Of course Muffles I am truly amazing for you see I can talk. In fact I am the best talking sword ever made. You will also find I am incredibly humble, probably the most humble sentient being in existence. So humble that I can admit that at the end of the day I'm just a sword. A sword that can't be broken of course and can do one or two things your average sword can't. But alas if one were to ignore all the amazing things I can do at the end of it all I'm just a normal awesome beautiful sword. And despite my many amazing feats and splendor I can't walk which sucks. She nodded sympathetically, just a couple of tools hanging out in a cave, but just remember I was the cooler tool that's very important.

Hey muffles don't you have to escape or something?

"I don't know how to get out and I already looked down the other paths, they're filled with webs. I couldn't make it very far even if I tried."

That sucks, I would help out but well ya know rock legs you get it.

"Yeah, hey wait if I had you could I cut through a spider?"
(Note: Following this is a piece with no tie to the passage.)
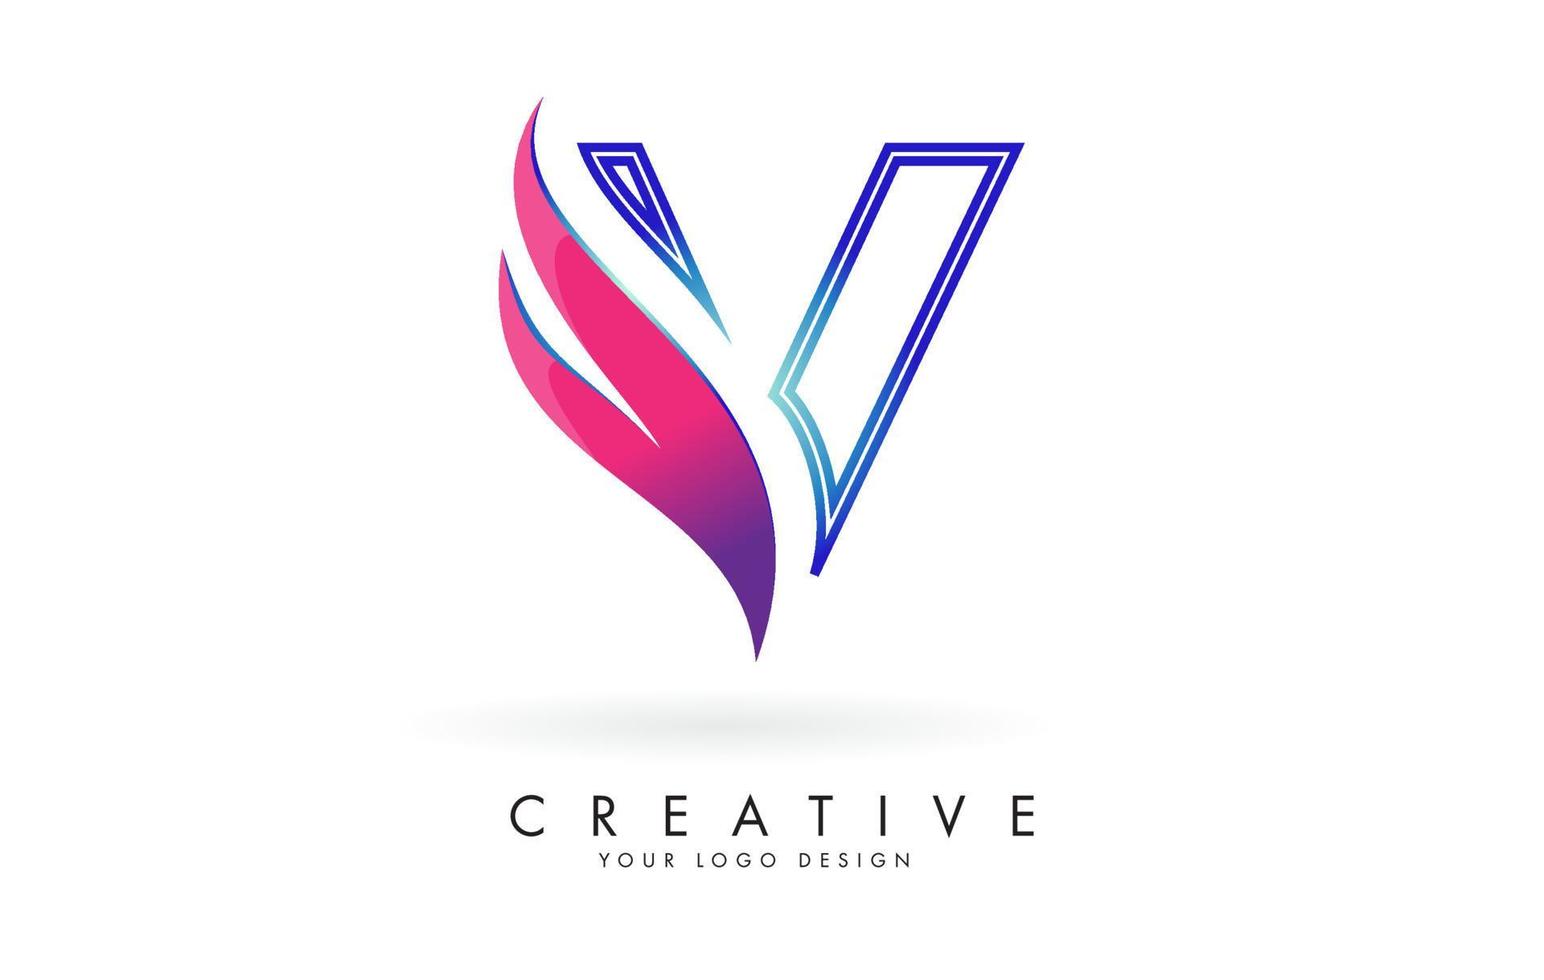 Outline Vector illustration of abstract letter V with colorful flames and gradient Swoosh design.
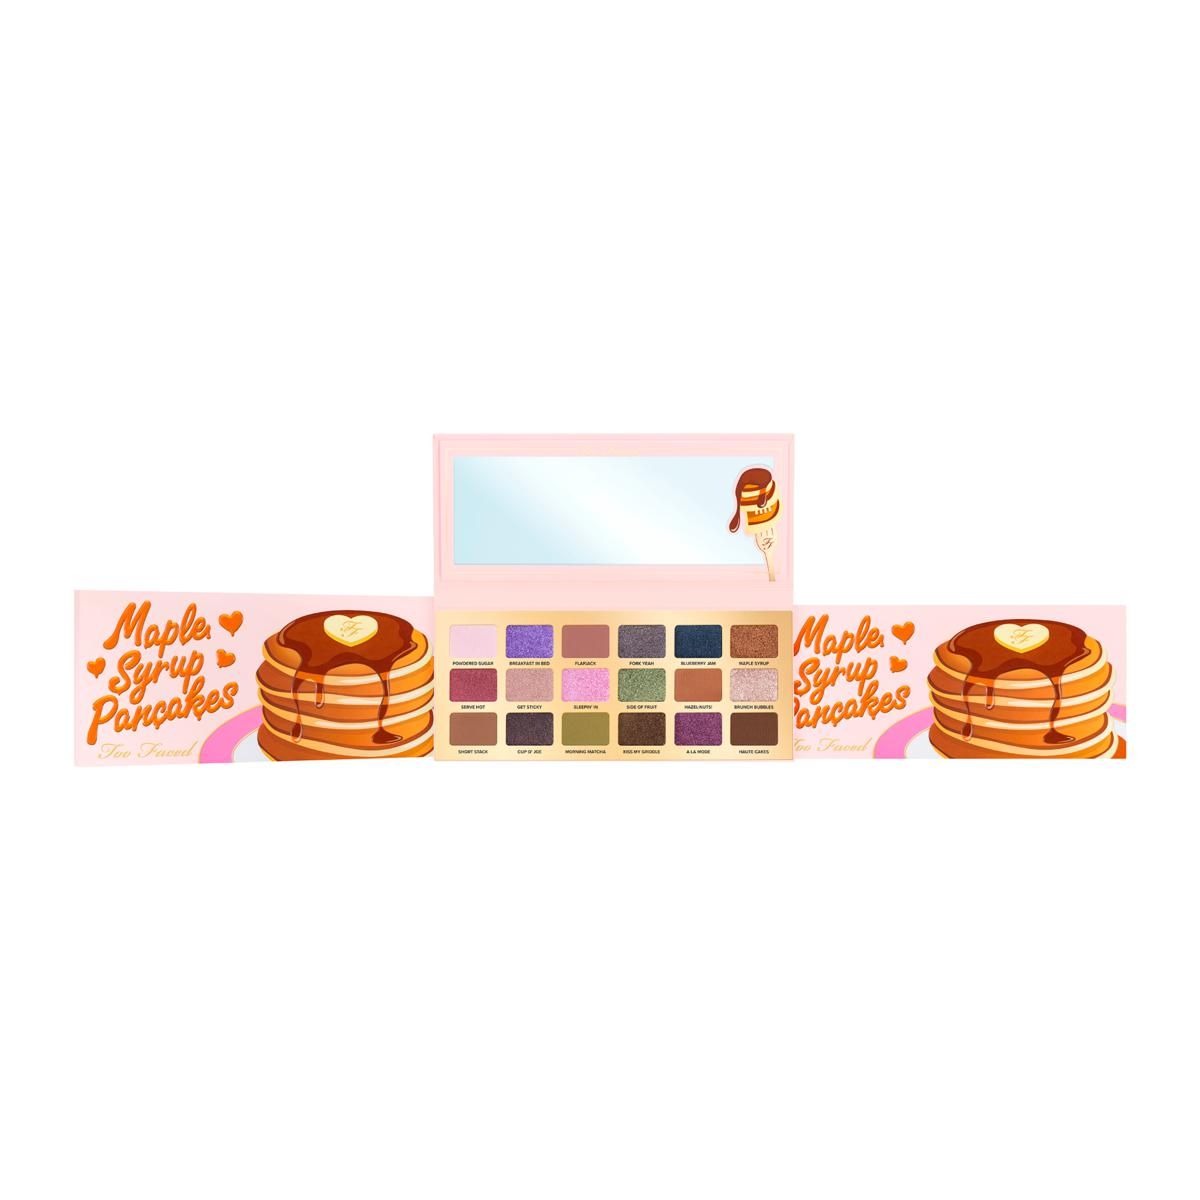 Too Faced Maple Syrup Pancakes Eye Shadow Palette - 21869411 | HSN | HSN

An amusing thought muffles but I doubt you have the strength to lift me from this rock even at my normal weight. I was nice enough not to mention she looked like a twig.

"Well I could try."

Very well Muffles but put the webs on me back when you fail they are a nice little blanket. Putting her grubby hand on my hilt she lifted and like butter slipped me out huh, guess I wasn't stuck all that deep after all.

I was just as shiny as I expected not even a hint of rust could be seen. Muffles held me up like a hero would at the end of a long battle. I could already see her taking me out of this cave. Me shining in the sunlight illuminating the world around me in my grandiose aura of greatness and her …uhh walking and more importantly admiring my amazingness. ONWARDS MY LEGS WE HAVE A WORLD TO SEE.